- **Brief**
None of the pictures should appear; the lines from the line containing "Nuxe Lotion Tonique Tonik Losyon 200ml" through the last line of the listing must be repeated exactly.

- **Input data**
⁂

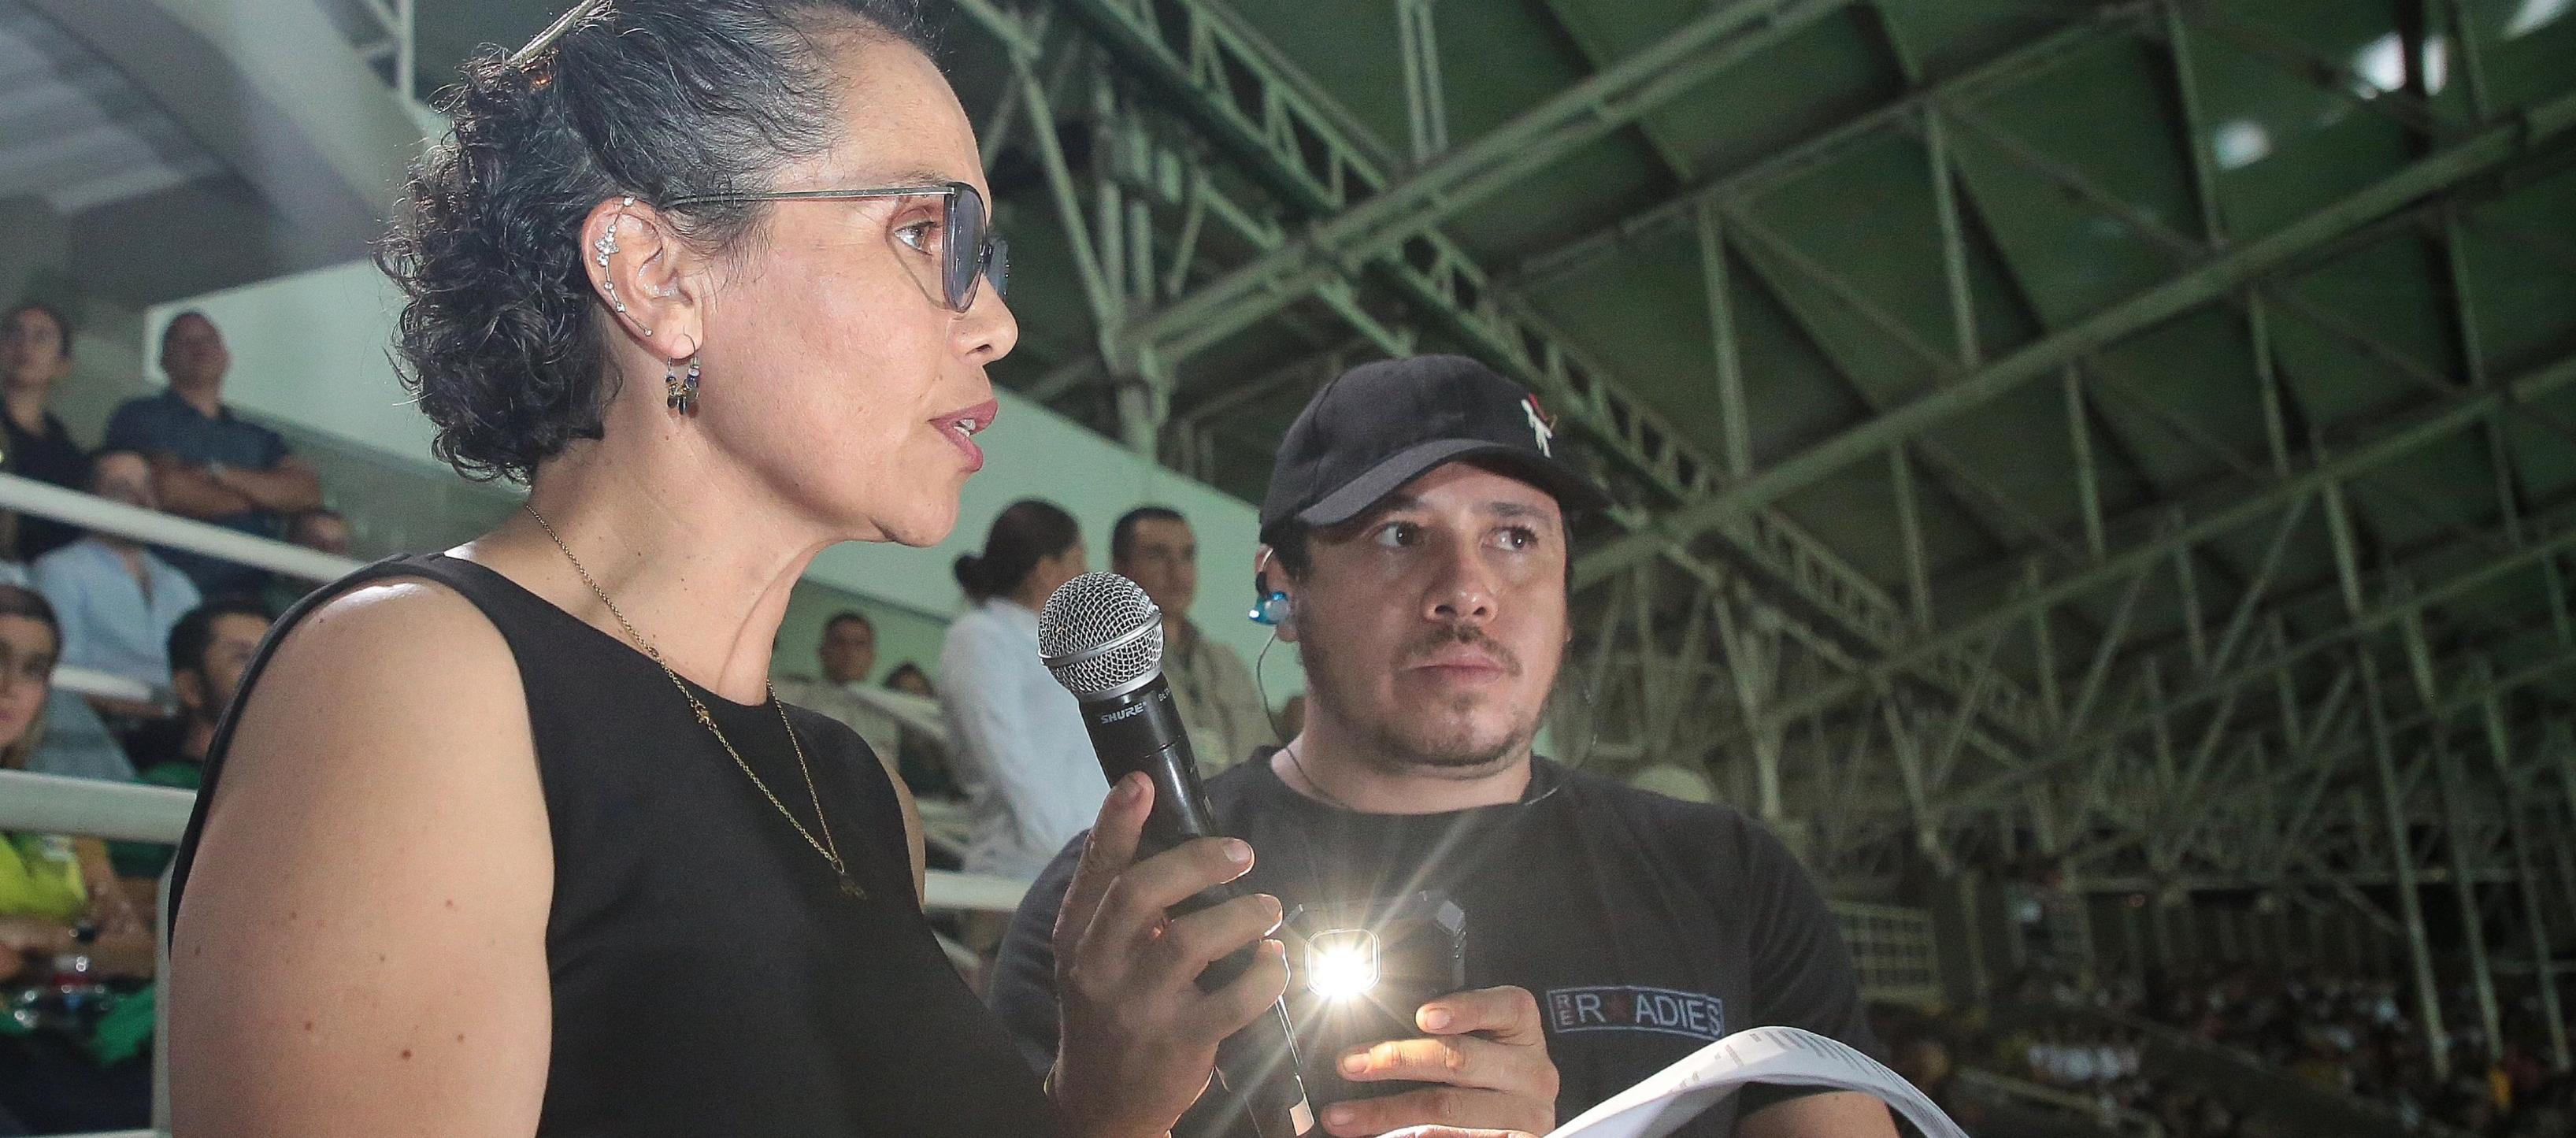  La ministra del Deporte, Astrid Rodríguez, cuando inauguraba los Juegos Nacionales en Pereira
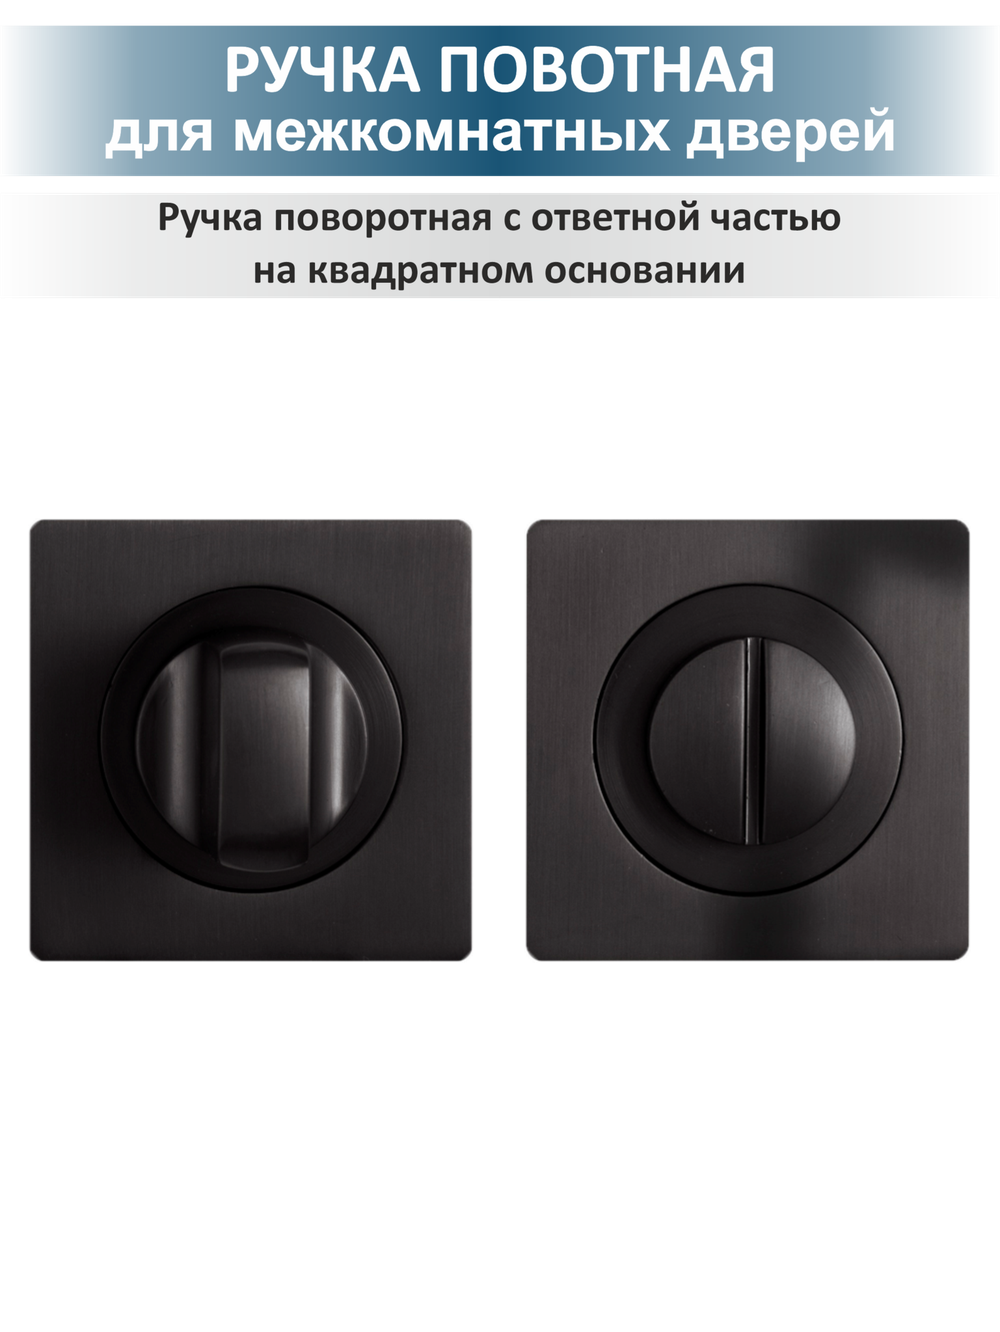 Комплект дверной фурнитуры сантехнический Sigma
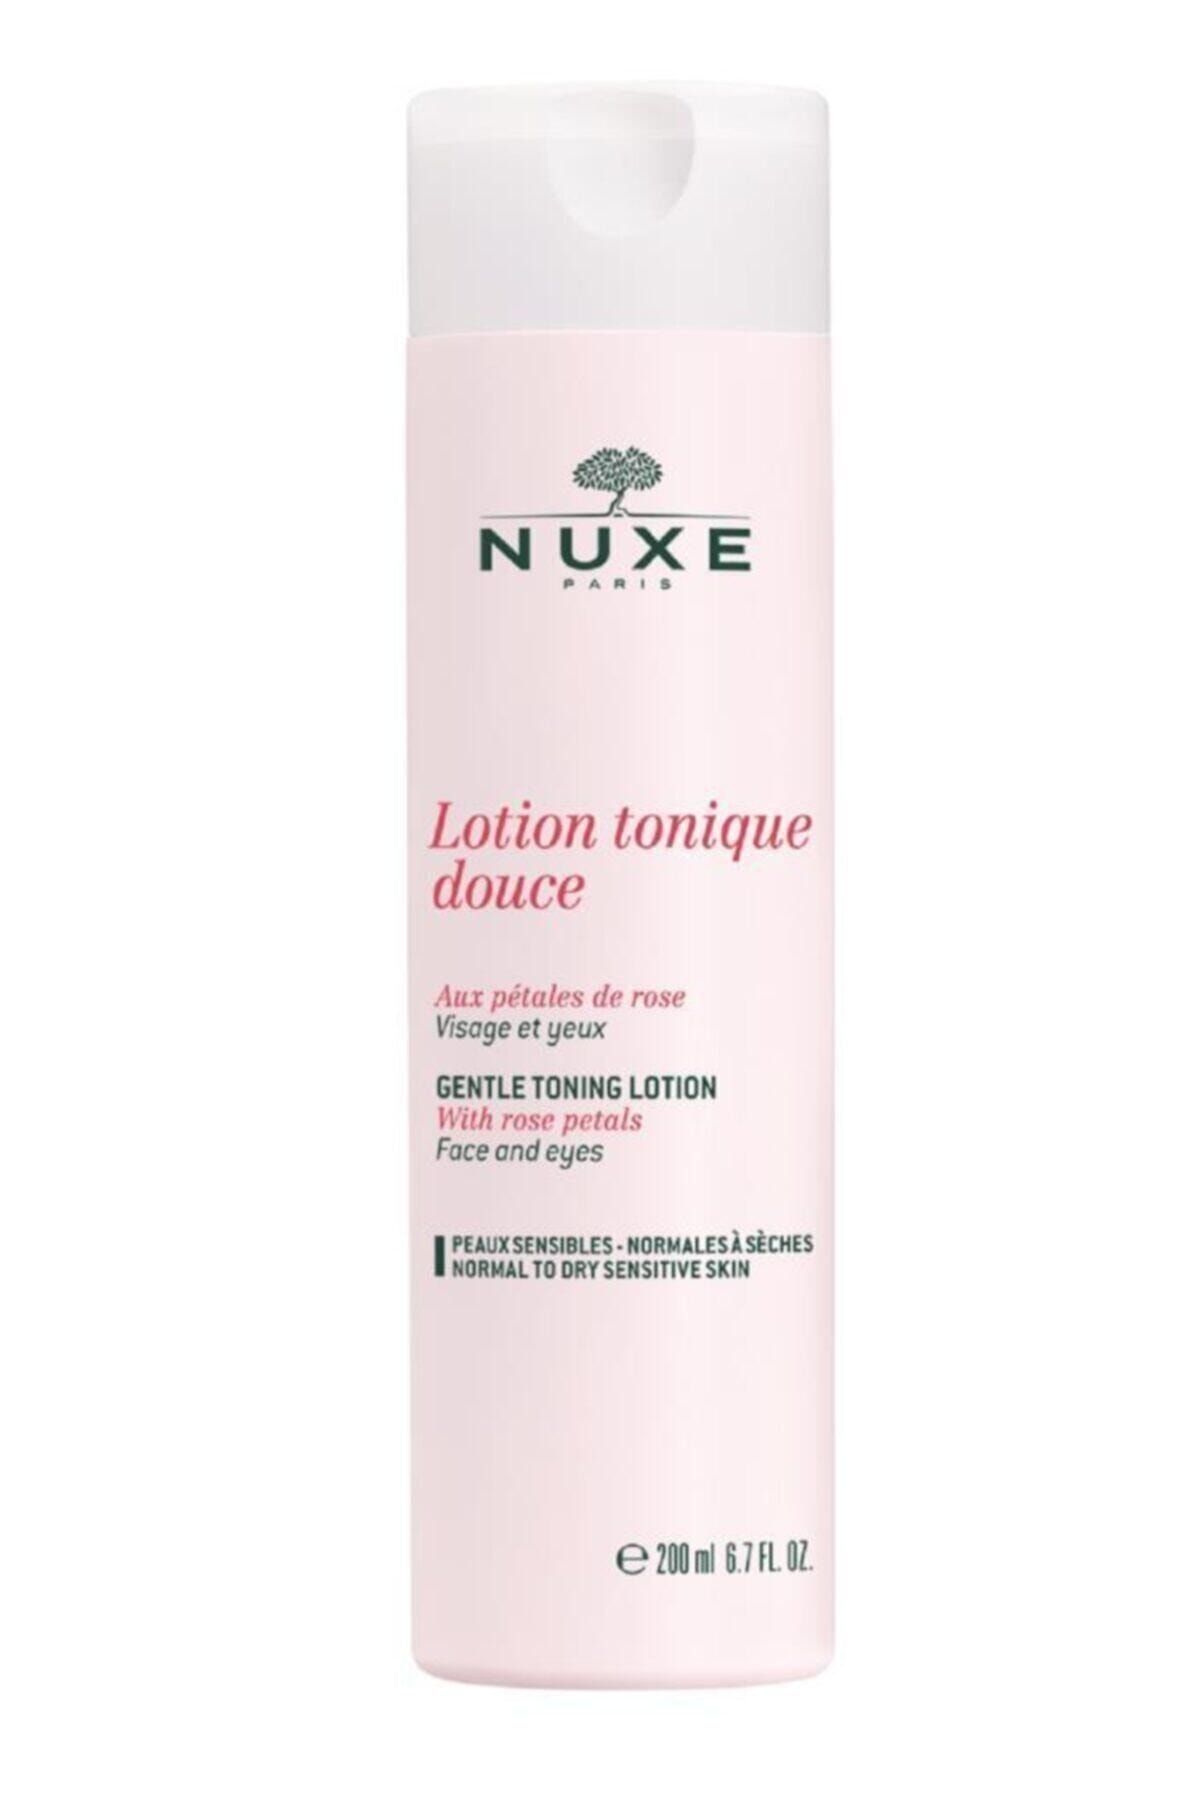 Nuxe Lotion Tonique Tonik Losyon 200ml
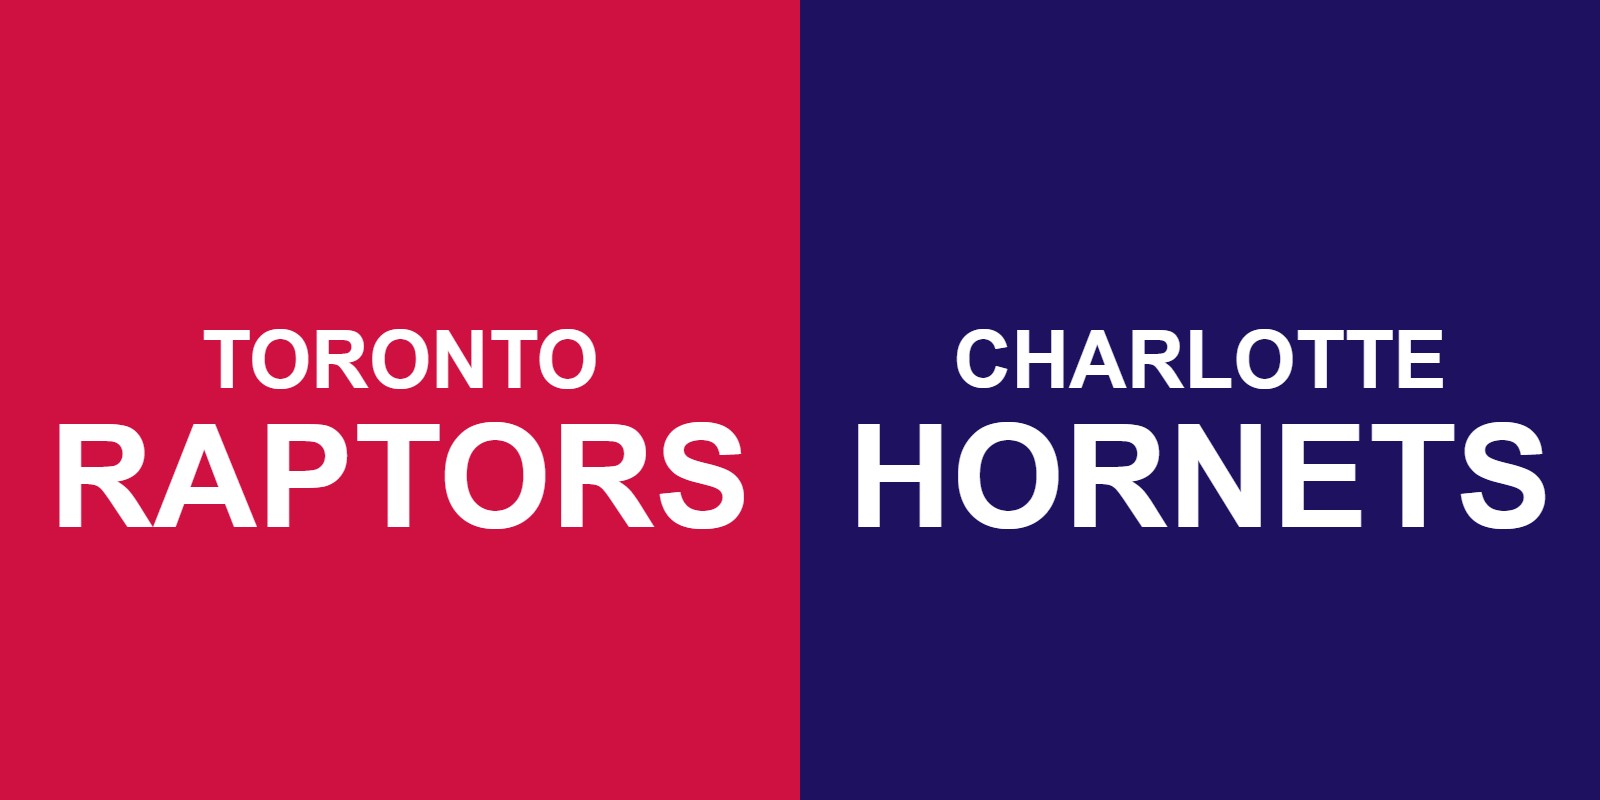 Raptors vs Hornets
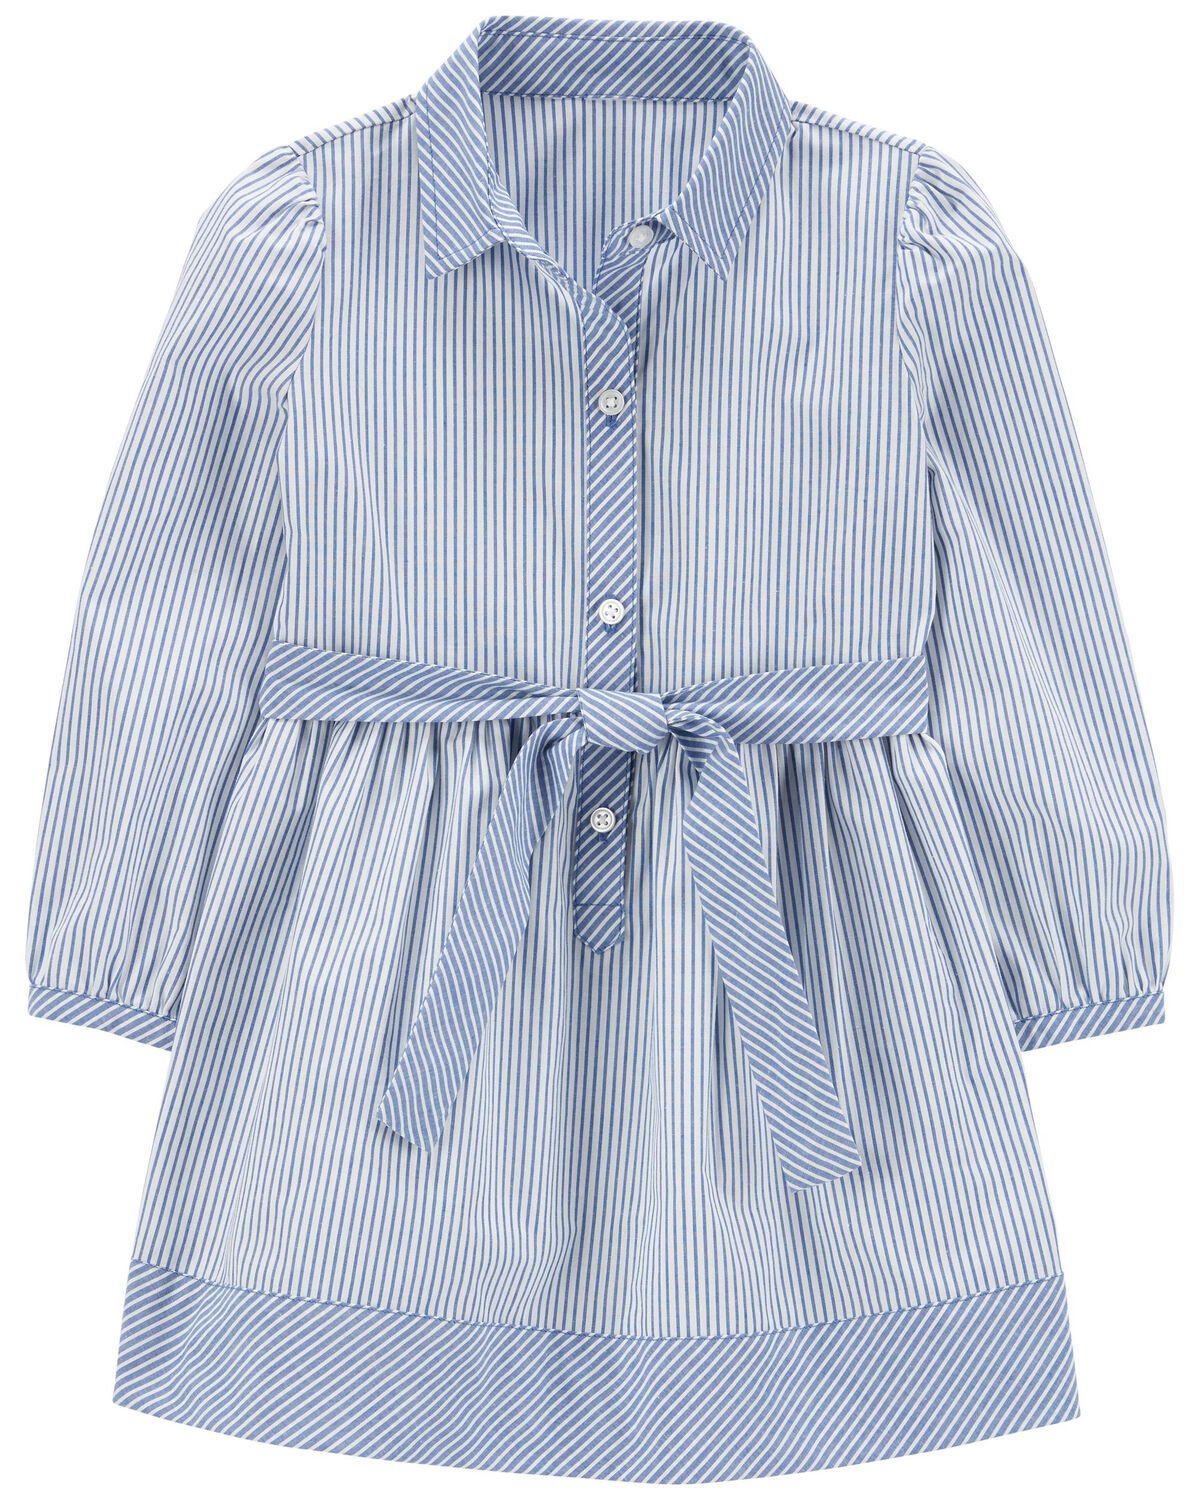 Blue Toddler Striped Shirt Dress | carters.com

⁂

- **Task answer**
 Nuxe Lotion Tonique Tonik Losyon 200ml
 Raptors vs Hornets
 Blue Toddler Striped Shirt Dress | carters.com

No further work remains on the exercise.